SSIII-100, SSIII-200 and SSIII-300
Source
E.coli
Concentration
200 u/μl
Storage Buffer
20 mM Tris-HCl (pH 7.5), 1 mM DTT, 0.05% (v/v)Triton X-100, 0.1 mM EDTA, 0.1 M NaCl and 50% (v/v) glycerol.
Reaction Buffer (5x)
250 mM Tris-HCl (pH 8.3), 375 mM KCl, 15 mM MgCl2, and 50 mM DTT
Unit Definition
One unit of the enzyme incorporates 1 nmole of dTTP into acid-precipitable material in 10 minutes at 37˚C using poly (A):oligo (dT)25 as template-primer.
Quality Control
This enzyme has passed the quality control assays: SDS-PAGE analysis for purity, functional absence of endonuclease activities, functional absence of exonuclease activities, functional absence of protease activity.

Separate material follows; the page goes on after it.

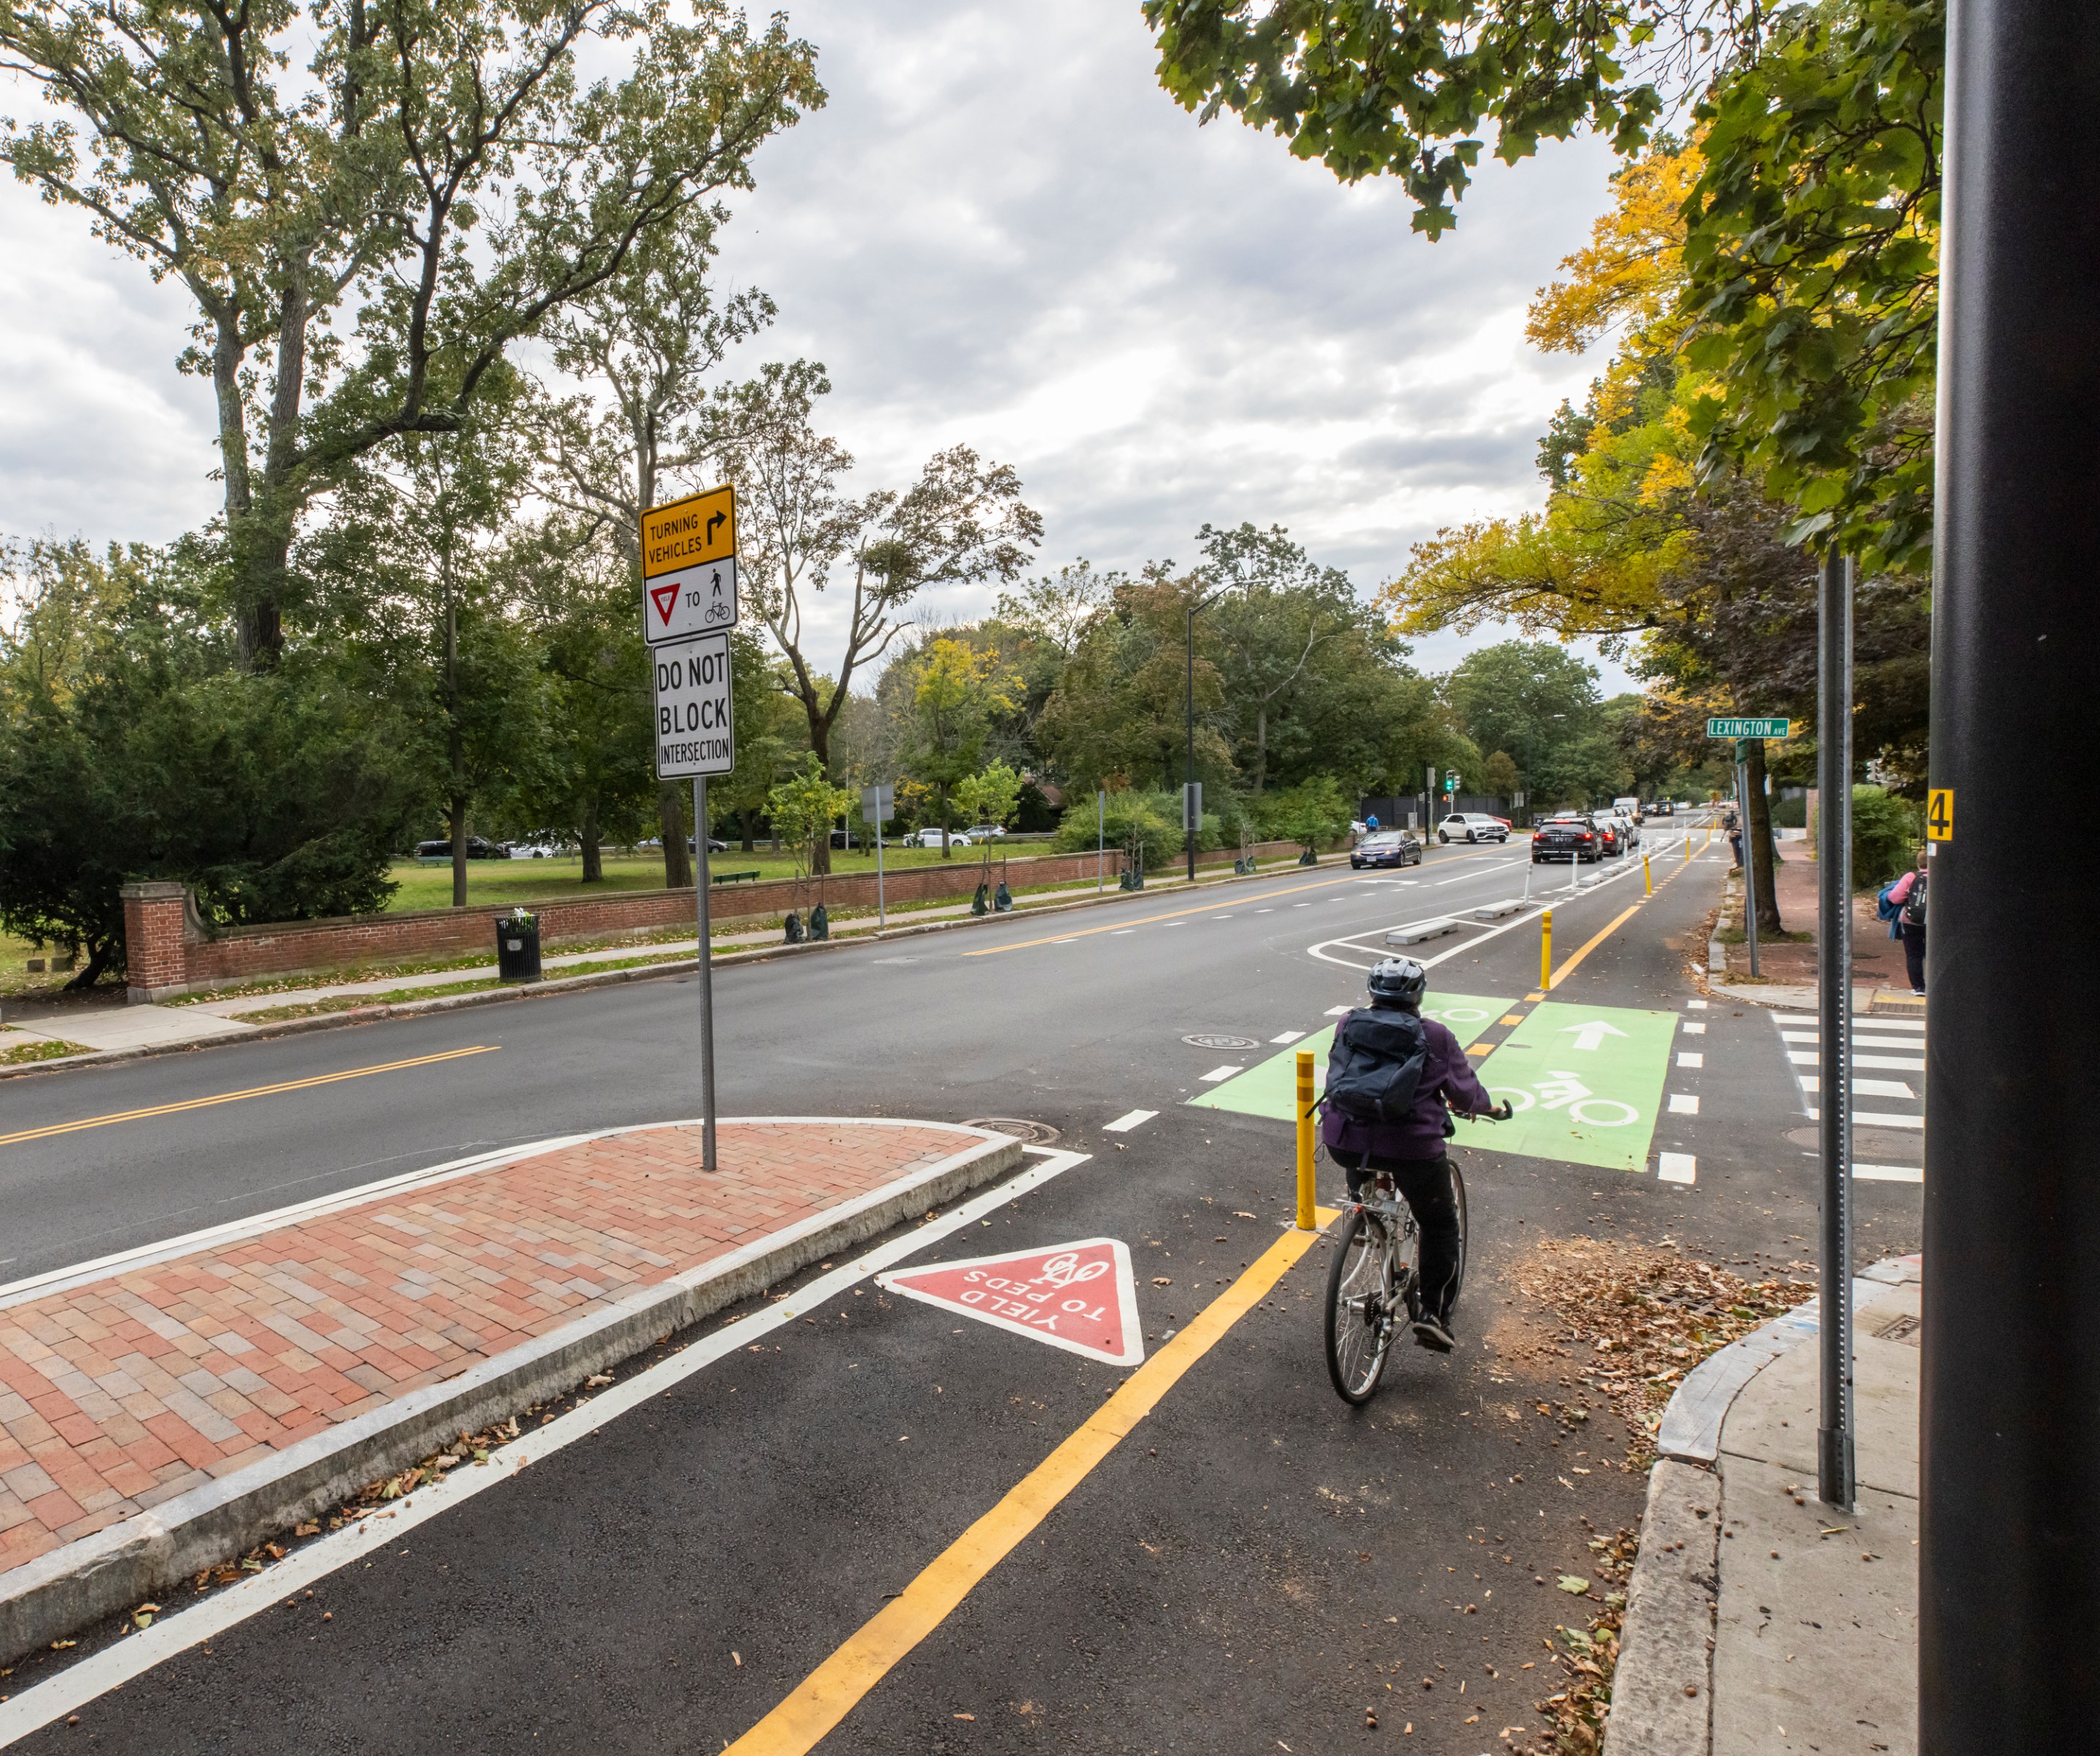 A person wearing black pedals a bike away from the camera on a wide street lined with trees beginning to turn yellow in the autumn. The rider is using a protected bike path that's separated from the adjacent car lanes by barriers including a brick-paved median island in the lower left foreground.

Storage and Handling: -20° C
Protocol
First-Strand cDNA Synthesis
Materials to Be Supplied by the User
The following procedure uses 10 pg to 5 µg of total RNA or 10 pg to 500 ng of mRNA.
Note: The 5X Reaction Buffer is compatible with enzymes used in a number of downstream applications. Typically there is no need for phenol extractions or ethanol precipitations using this protocol before any PCR amplification.